The stock of unsold new build properties has been falling since 2009 and official estimates put the total number at 563,908 for the end of 2013. Last year stock diminished by 3.4% which equated to 19,545 properties. The data series was started in 2004 due to it being the year when statistics on sales of new-build and resale property became available.
From 2004 to 2009 there were rapid annual increases in the number of unsold new-build homes which saw the total number rise from around 100,000 in 2004 to about 650,000 in 2009. The rise in unsold new property over this period represented an average annual increase of 44.7% while the decreases from 2009 onwards have worked out at just 3.5% annually.
At first look in seems strange that there were significant rises in the number of unsold built properties in 2008 and 2009 when the crisis had already manifested itself in 2007. This was due to the slow planning and construction processes in Spain which meant that projects which had been started in the boom years were finalised after the crash.
The region which has the highest amount of unsold new housing in relation to its total number of properties is La Rioja where 4.82% of the total stock of buildings are made up of newly built homes up for sale. It is followed by Castilla la Mancha where the figure is 3.76% and the region of Murcia is third with 3.37%.
The region with the highest number of unsold new build properties for sale by December 2013 was the Valencian region with 101,266 which was one of the greatest beneficiaries of the boom and consequently, one of the worst affected by the bust. Andalucia has the second highest number: 91,212 and Catalonia the third: 85,307.
Out of the 6 provinces in which most unsold new stock exists there are all three of the provinces which make up the Valencian region. The province of Barcelona is top of the list with 46,531 closely followed by Alicante: 45,391, Madrid: 43,623, Valencia: 28,007, Castellon: 27,868 and Murcia: 26,420.
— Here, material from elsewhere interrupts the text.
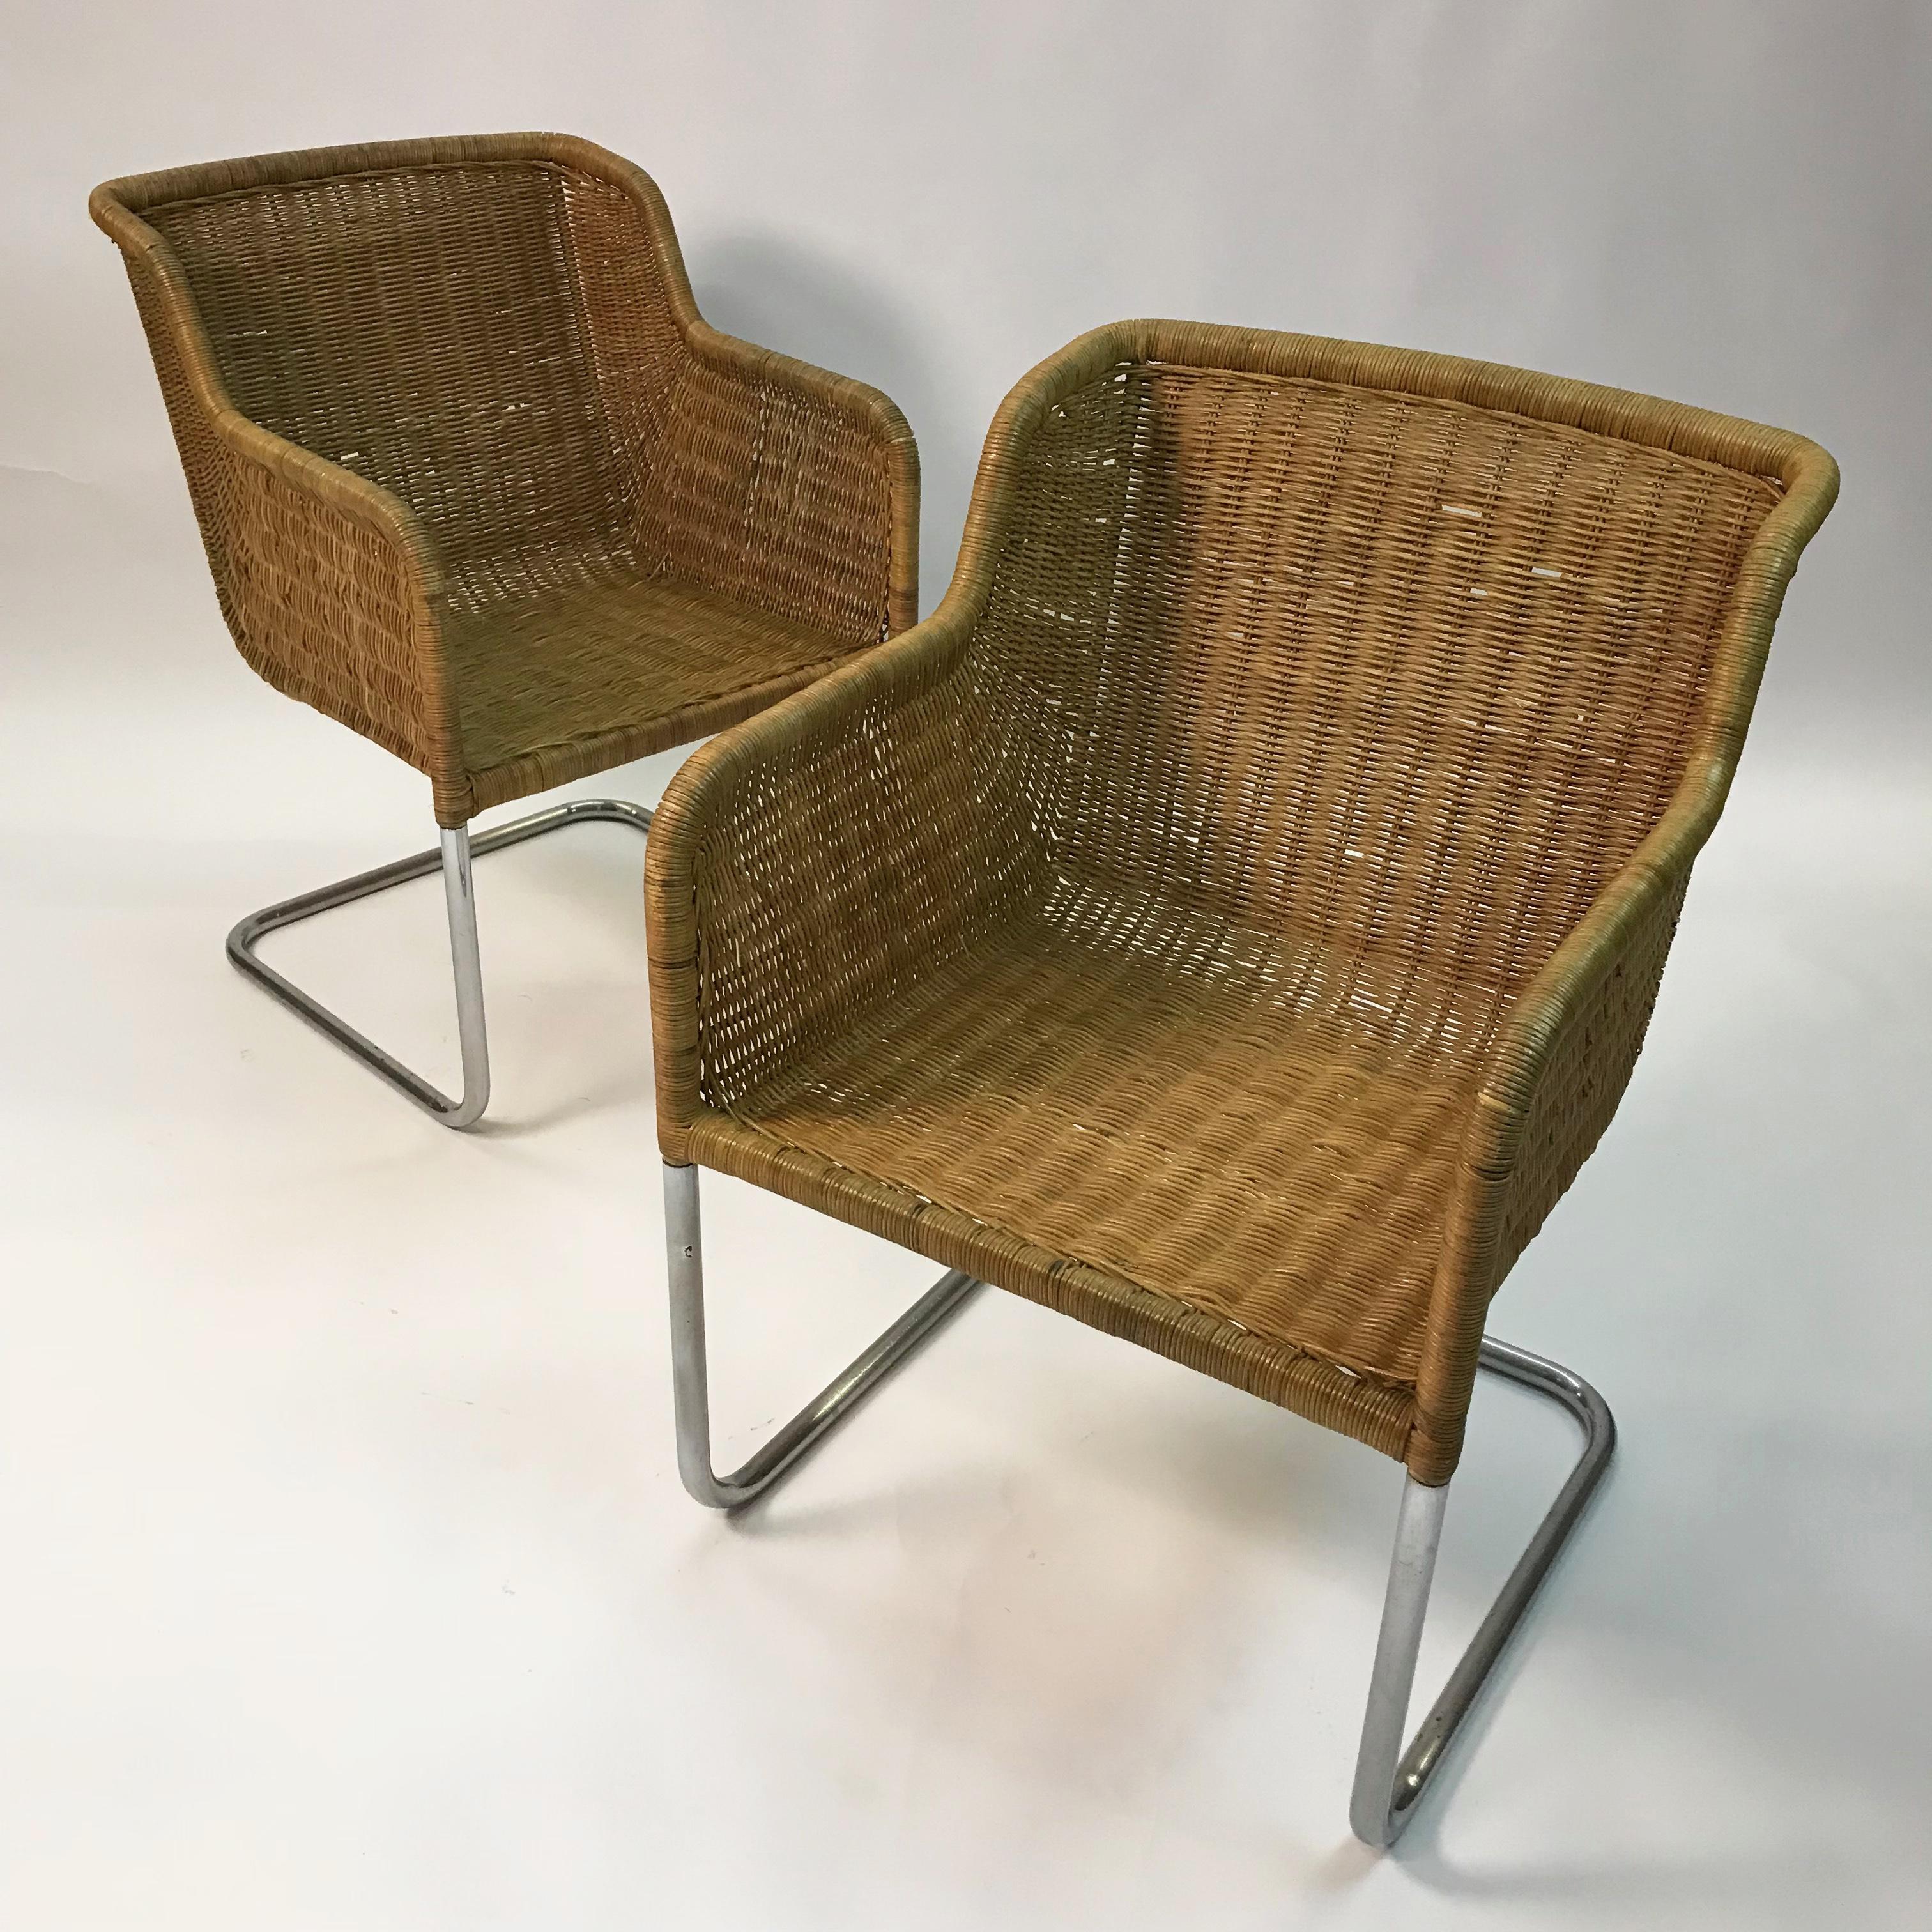 Mid-Century Modern, armchairs in the style of Harvey Probber feature deep, bucket, rattan wicker seats with cantilever, chrome bases. Measures: Arm height is 27 inches and seat depth is 18 inches. Listed price is for the pair.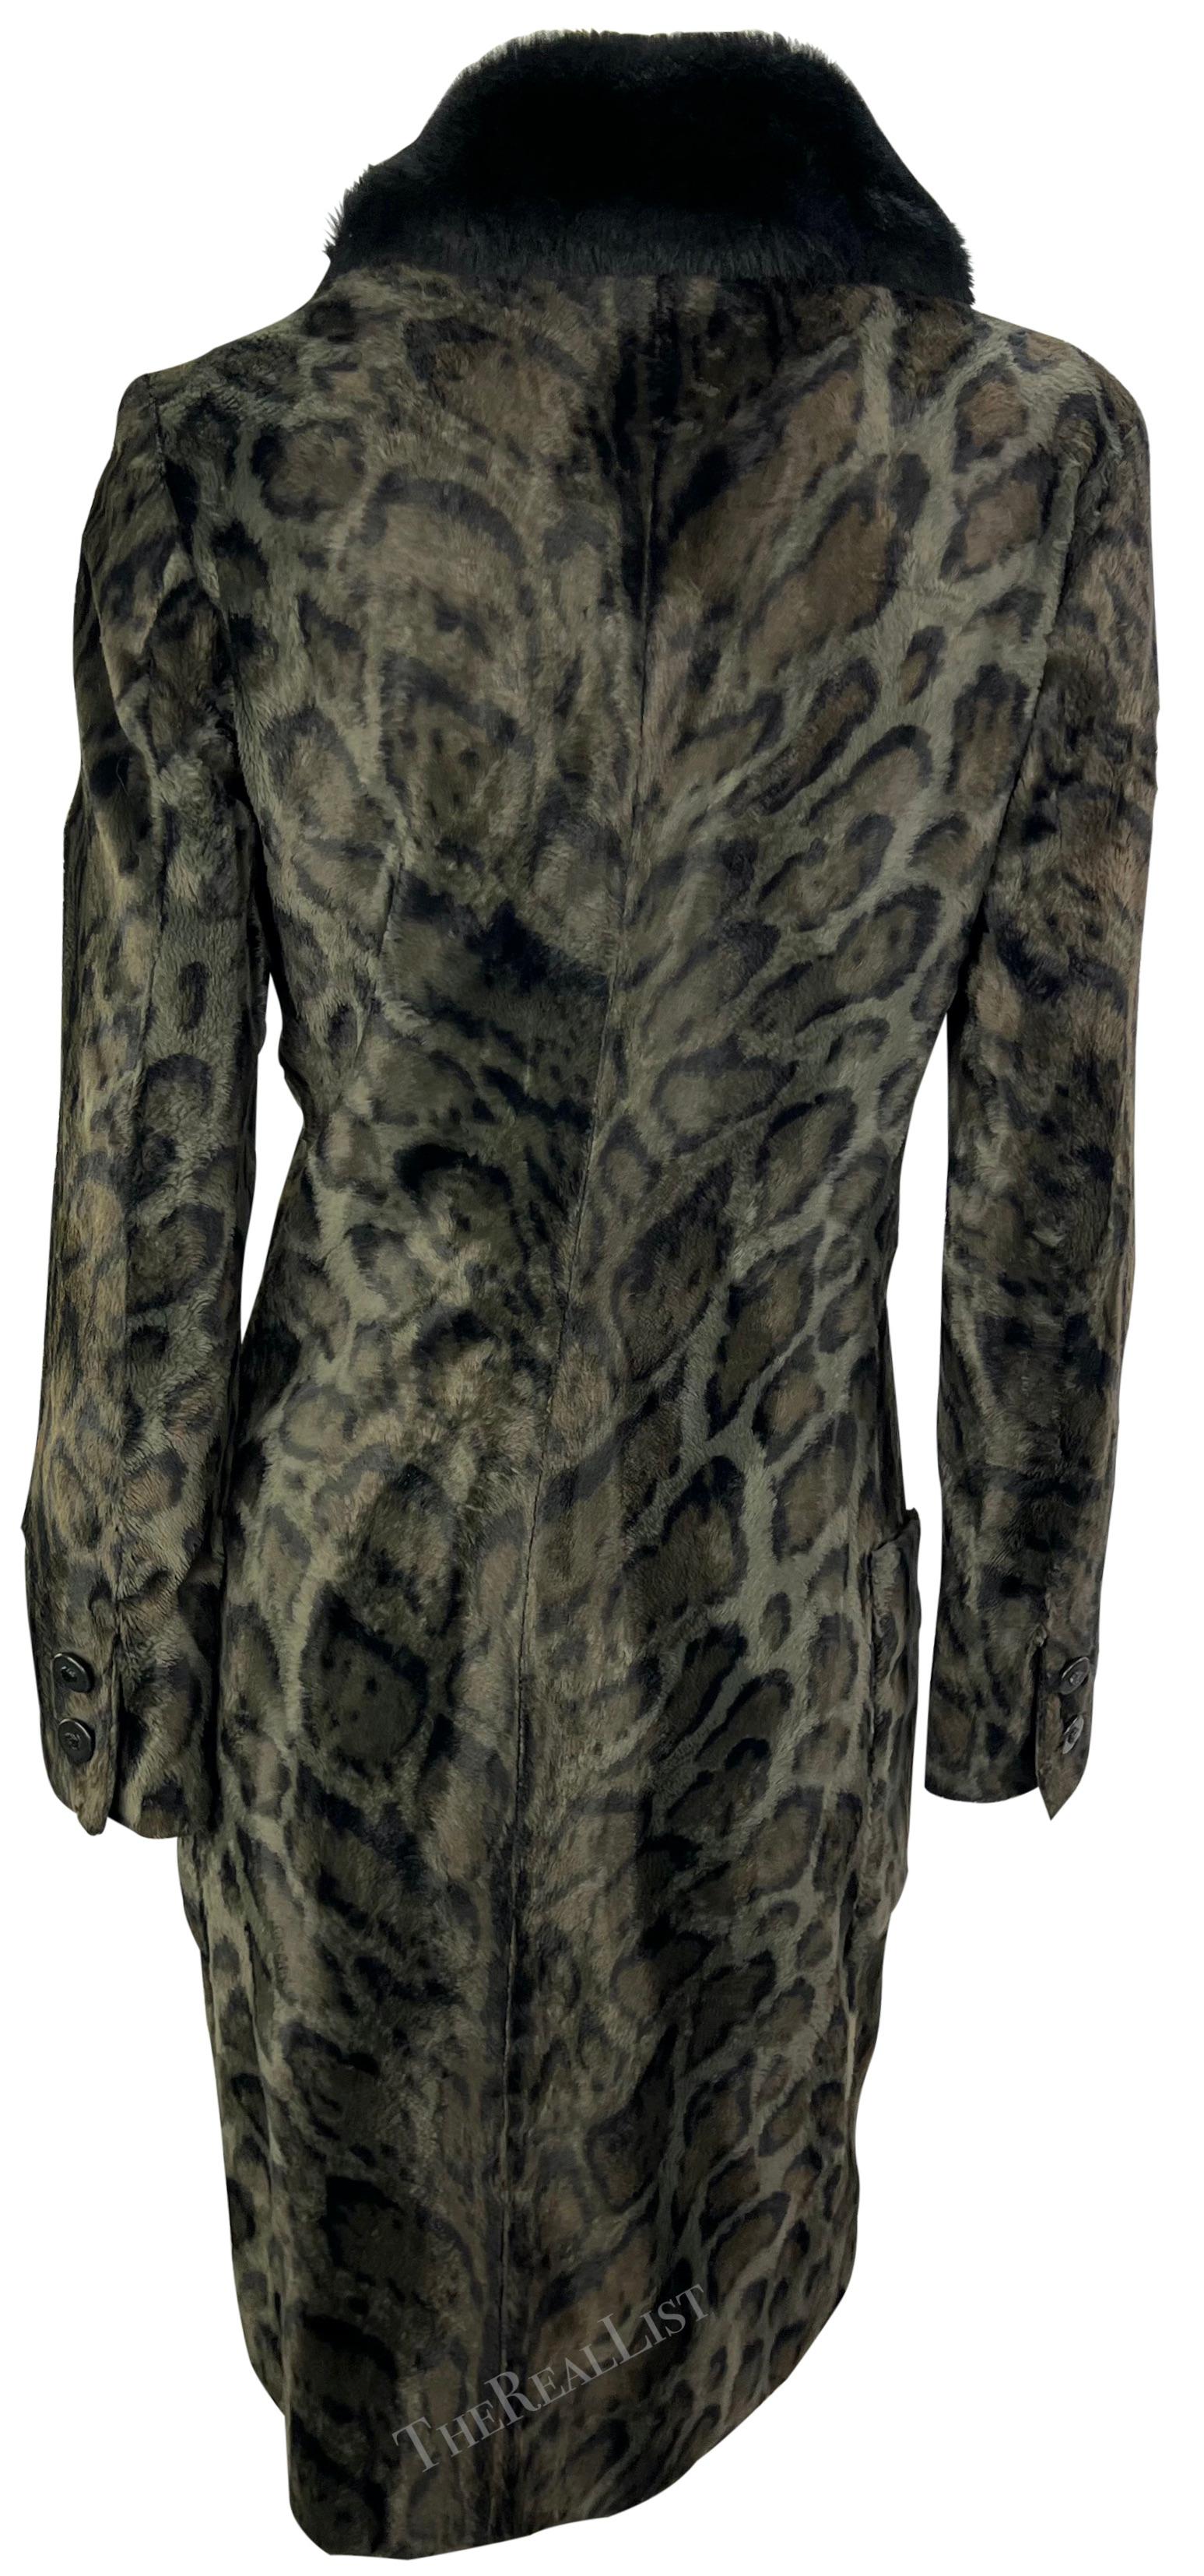 F/W 1996 Gianni Versace Black Leopard Faux Fur Sample Double Breasted Coat For Sale 1

The data shows that the large cities and areas along the Mediterranean coast continue to suffer the most problems with their new-build stock. This is no surprise as these are the areas in which there exists the highest levels of demand for property in Spain and therefore it will be hoped that with a general recovery these unsold properties will be bought up.
The statistics from Spain’s Ministry of Public Works show that since 2009 Extremadura and Navarra have seen their stock diminish significantly and the same has occurred in the coastal regions of Cantabria and Murcia. One surprise is that between 2012 and 2013 the new build stock increased in the region of Madrid amid reports from other sources that it is falling.
Writing in El País, the Spanish daily, Julio Rodríguez López predicts that in 2014 there will be a more significant decrease in the amount of unsold new property and puts an estimate at 50,000 units. He bases this on the fact that so far this year sales figures have been stronger and, with hardly any new construction, this must have an impact on stock.